App.—Dallas 1987, pet. ref’d). In Kirkpatrick, this court noted that expert testimony has been admitted
widely for the purpose of explaining general behavior characteristics of child sexual abuse victims as a
class. Id. at 835. “The expert’s testimony about the general behavioral traits of child victims—e.g., delay
in reporting the incident, recantation, truancy, embarrassment, running away from home, and inconsistent
versions of abuse—explains to the jurors that such behavior, which might otherwise be attributed to
inaccuracy or falsification, is typical of the class of victims and does not necessarily indicate a lack of
credibility.” Id. at 836. This Court further noted that “after the jurors have become familiarized with the
typical behavioral traits of the class, there is no need for further expert testimony, through which the expert
expresses, either directly or indirectly, her opinion as to the credibility of a particular child complainant. It
is well settled that a witness may not give an opinion as to the truth or falsity of other testimony.” Id.
–17–
Reyes v. State, 274 S.W.3d 724, 729 (Tex. App.—San Antonio 2008, pet. ref’d.)

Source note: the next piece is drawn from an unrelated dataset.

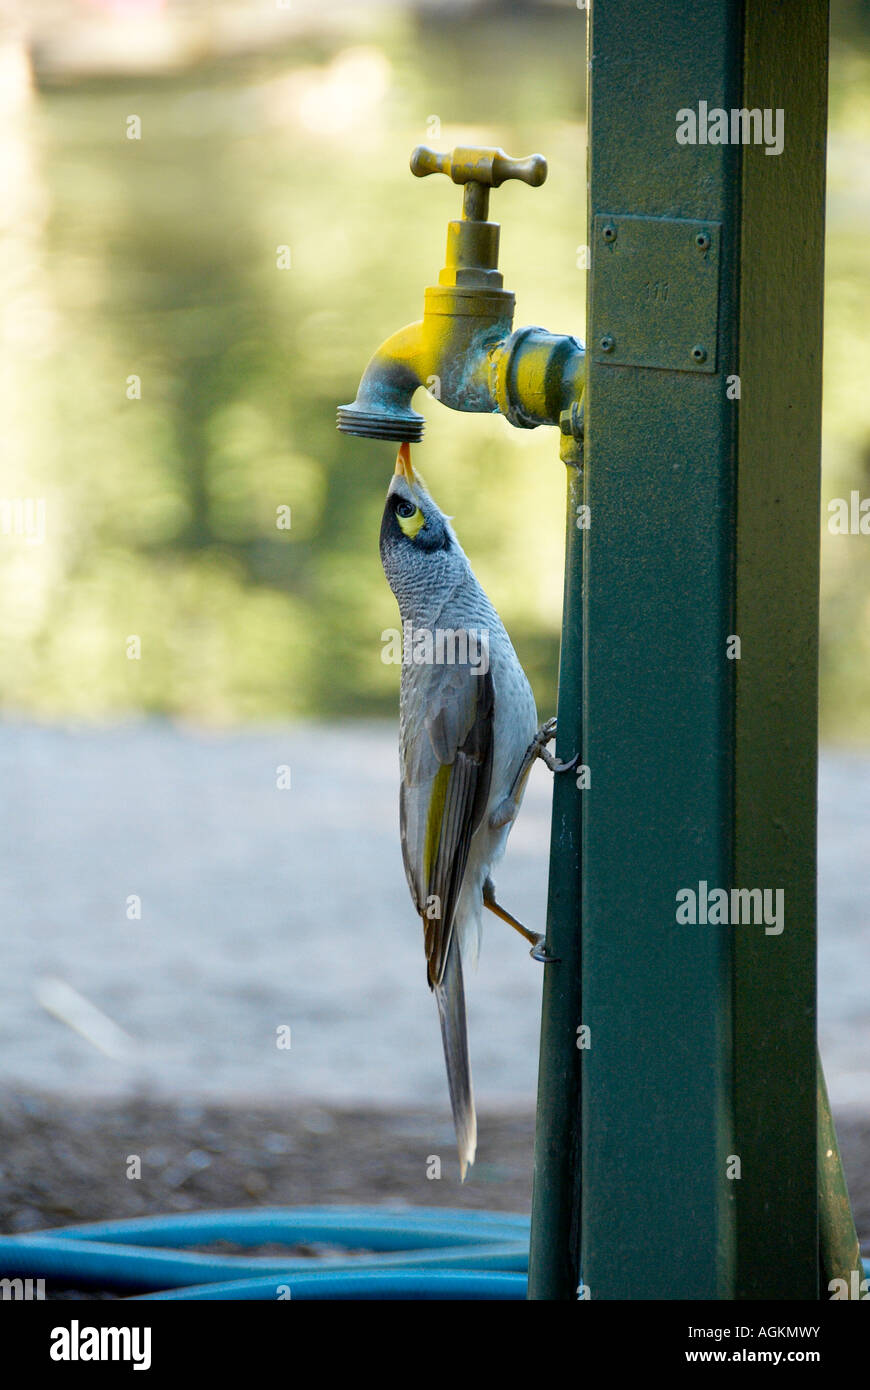 Laut kleine Vogel aus undichten Wasserhahn trinken Stockfotografie - Alamy

(“An expert may testify that the witness exhibits symptoms consistent with sexual
abuse, but not that a witness is truthful.”). In this case, neither Chaney nor Ramirez
testified about complainant’s truthfulness but they did address whether a child in
complainant’s position might exhibit symptoms of trauma or sought attention.
Further, even assuming appellant is correct regarding the admissibility of the
evidence, the record is silent as to why counsel did not object. We cannot say on
this record that trial counsel’s performance was deficient because he failed to object
to Chaney’s and Ramirez’s testimony.
4) Failure to object to hearsay testimony
In the punishment phase of the trial, the State recalled Williams to testify
regarding incidents involving two other children. Williams testified that “I believed
[complainant] because I had heard that he had done that with two other children
before, one at that time and then the young lady that he – that told me that he had
did it to her. She told me about another young lady that was with her.” Appellant’s
trial counsel failed to object to the hearsay nature of her testimony, and appellant
asserts that this testimony constituted ineffective assistance of counsel.
Here, appellant’s trial counsel cross-examined Williams in regard to this
testimony as follows:
[Appellant’s trial counsel]: The people you mentioned before, how did
you hear about that?
[Williams]: One of the victims told me about her story.
–18–
[Appellant’s trial counsel]: Were any charges filed?
[Williams]: No. She was a child. Nobody believed her, and the other
victim has come forth since then and told me her story.
[Appellant’s trial counsel]: And were any charges filed in that?
[Williams]: No. She never told anybody.
[Appellant’s trial counsel]: None of this has ever been reported to the
authorities?
[Williams]: No.
Further, we note that the State called complainant’s aunt during the punishment
phase. The aunt testified that appellant—her stepfather—would wake her up by
snatching the covers off of her when she was dressed in just a nightgown and did not
have underclothes on. The aunt stated she was “exposed a lot” by appellant between
the ages of eight and twelve and that these acts made her feel very uncomfortable.
Once again, without evidence of the strategy employed, we will presume sound trial
strategy. See Rylander, 101 S.W.3d at 110. Thus, without additional evidence as to
why trial counsel did not object, we cannot conclude such a failure to object to
testimony constituted ineffective assistance of counsel. For all the above reasons,
we resolve appellant’s second point against him.

Outcome: On the record of this case, we affirm the trial court’s judgment.